AsterixDB is an open source Big Data Management System (BDMS) with a feature set that’s very different than those of other platforms in today's Big Data ecosystem. The system was initially co-developed by UC Irvine and UC Riverside, starting in 2009 and leading eventually to its first beta release in mid-2013. It has recently moved to Apache, where AsterixDB is now an active incubating project. Many of the system’s key design decisions relate to the aforementioned shift. This talk will first briefly review AsterixDB’s data model, query language, and scale-out architecture. It will then examine a number of counter-cultural aspects of the AsterixDB system, including where its data lives, its runtime architecture, its approach to streaming data, its view of transactions, and its features for handling time-based data.
Michael J. Carey is a Bren Professor of Information and Computer Sciences at UC Irvine. Before joining UCI in 2008, Carey worked at BEA Systems for seven years and led the development of BEA's AquaLogic Data Services Platform product for virtual data integration. He also spent a dozen years teaching at the University of Wisconsin-Madison, five years at the IBM Almaden Research Center working on object-relational databases, and a year and a half at e-commerce platform startup Propel Software during the infamous 2000-2001 Internet bubble. Carey is an ACM Fellow, a member of the National Academy of Engineering, and a recipient of the ACM SIGMOD E.F. Codd Innovations Award. His current interests all center around data-intensive computing and scalable data management (a.k.a. Big Data).
Graph databases have been an active research topic as of late, owing to their applications in areas such as the Semantic Web and Social Network Analysis. In this talk, we present features that are used by several real-world query languages for graph databases. These include navigation, pattern matching, path variables, ungrouping and data comparisons. We analyze their properties, having two main objectives in mind. First, we would like to provide simple yet general definitions of key features of graph query languages, to enable analyses of their different uses in practice and to establish a common ground for their theoretical study. Second, we would like to use them for studying tradeoff between expressiveness and efficiency of existing query languages for graph databases.
Pablo Barceló is an Associate Professor in the Department of Computer Science at the University of Chile. He received his PhD from the University of Toronto in 2006. His main research interest are in the areas of databases and logic in computer science. He has written over 30 technical papers and served on the program committees of major conferences in his area (ACM PODS, SIGMOD, ICDT, STACS, ACM/IEEE LICS). He has also been an invited tutorial speaker at ACM PODS 2013. He is a member of the editorial board of Logical Methods in Computer Science and the editor of the Database Principles Column of the SIGMOD Record.
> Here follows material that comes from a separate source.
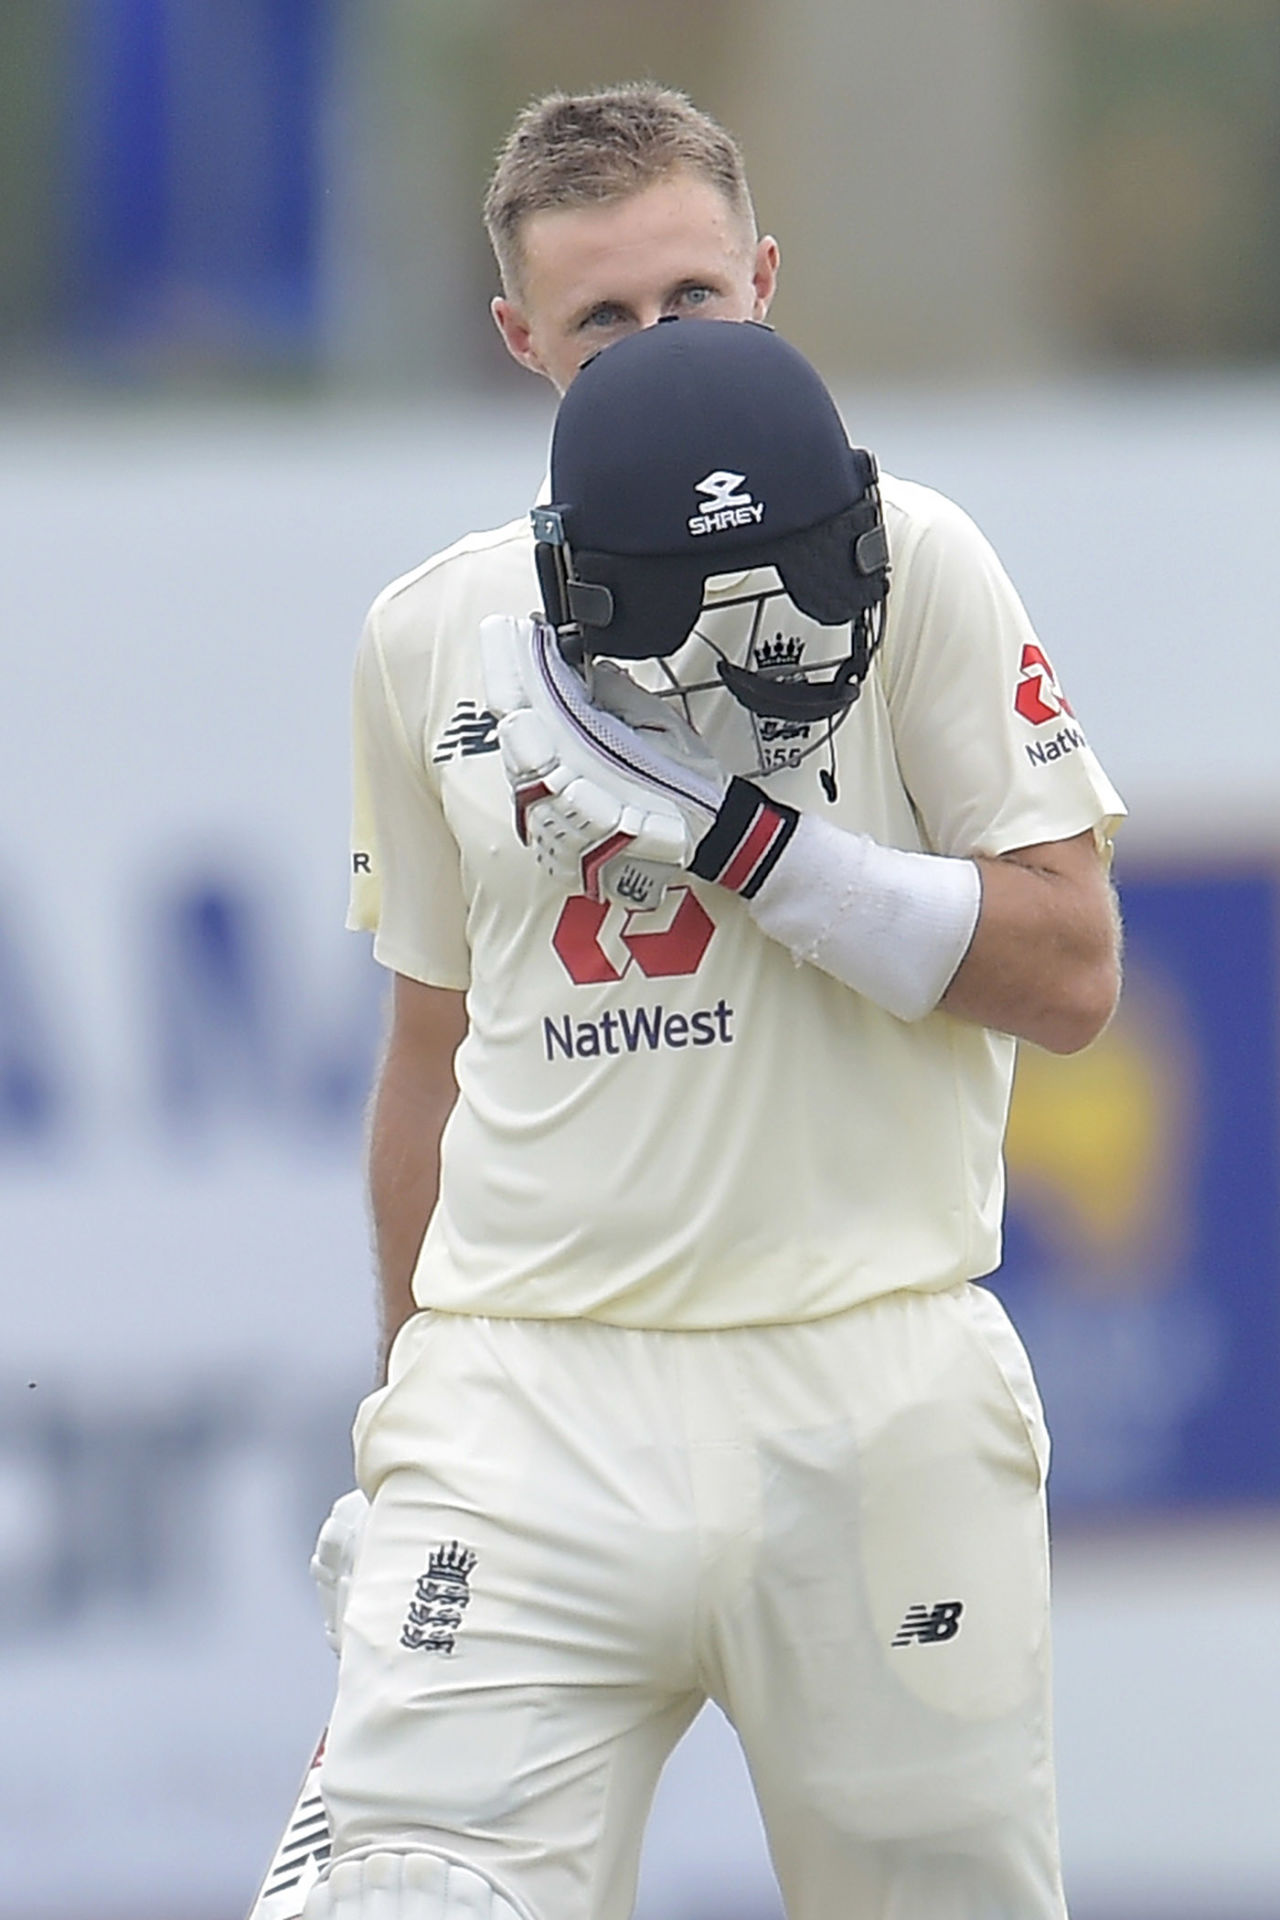 Joe Root kisses the badge after reaching 200, Sri Lanka v England, 1st Test, Galle, 3rd day, January 16, 2021

The Semantic Web such as envisaged by Tim Berners Lee in the early years of this century foresaw a universal medium to exchange data, where resources could be published and interconnected with others, providing interoperation between users and machines, in order to facilitate their computational tasks. Since then a flood of semantic technologies have been created, revolutionizing the way to store, access, and communicate digital information. Among these, Linked Data (LD) emerged as an innovative technology for realizing the Semantic Webvision of making the Web a global, distributed, semantics-based information system. Despite being a powerful strategy to link data resources, these links are not always created adequately, i.e., frequently they are not semantically associated with other resources, hindering the interoperability between them. In order to minimize this problem, some LD technologies have been recently developed. This presentation aims to give an evolutionary overview of the state of the art, focusing on the main Semantic Web technologies that have been responsible for: (i) describing data semantically enriched; (ii) linking resources on the Web of data according to their semantic meaning; and (iii) providing the efficient consumption of these resources. In this context, I will show the main works I have been carrying out in the domain for these last 15 years.
Ana Maria de C. Moura is a research collaborator at Extreme Data Laboratory (DEXL) at LNCC, where she has been working for 5 years on applying semantic technologies to improve database integration, data retrieval and data publishing. Graduated on Computer Science from the UTC-Université de Technologie de Compiègne (Compiègne, France) in 1984, andM.Sc in Computer Science, COPPE/Federal University of Rio de Janeiro (UFRJ) 1979, she worked for more than 20 years as professor and coordinator of the Database research area at the Computing Engineering Department of IME-Military Institute of Engineering, Rio de Janeiro, where she still contributes as collaborator professor. More than 50 advised Master theses concluded and more than 190 national and international publications. Her main domain interests are: databases, semantic data integration, conceptual modeling, metadata management,ontologies, linked open data.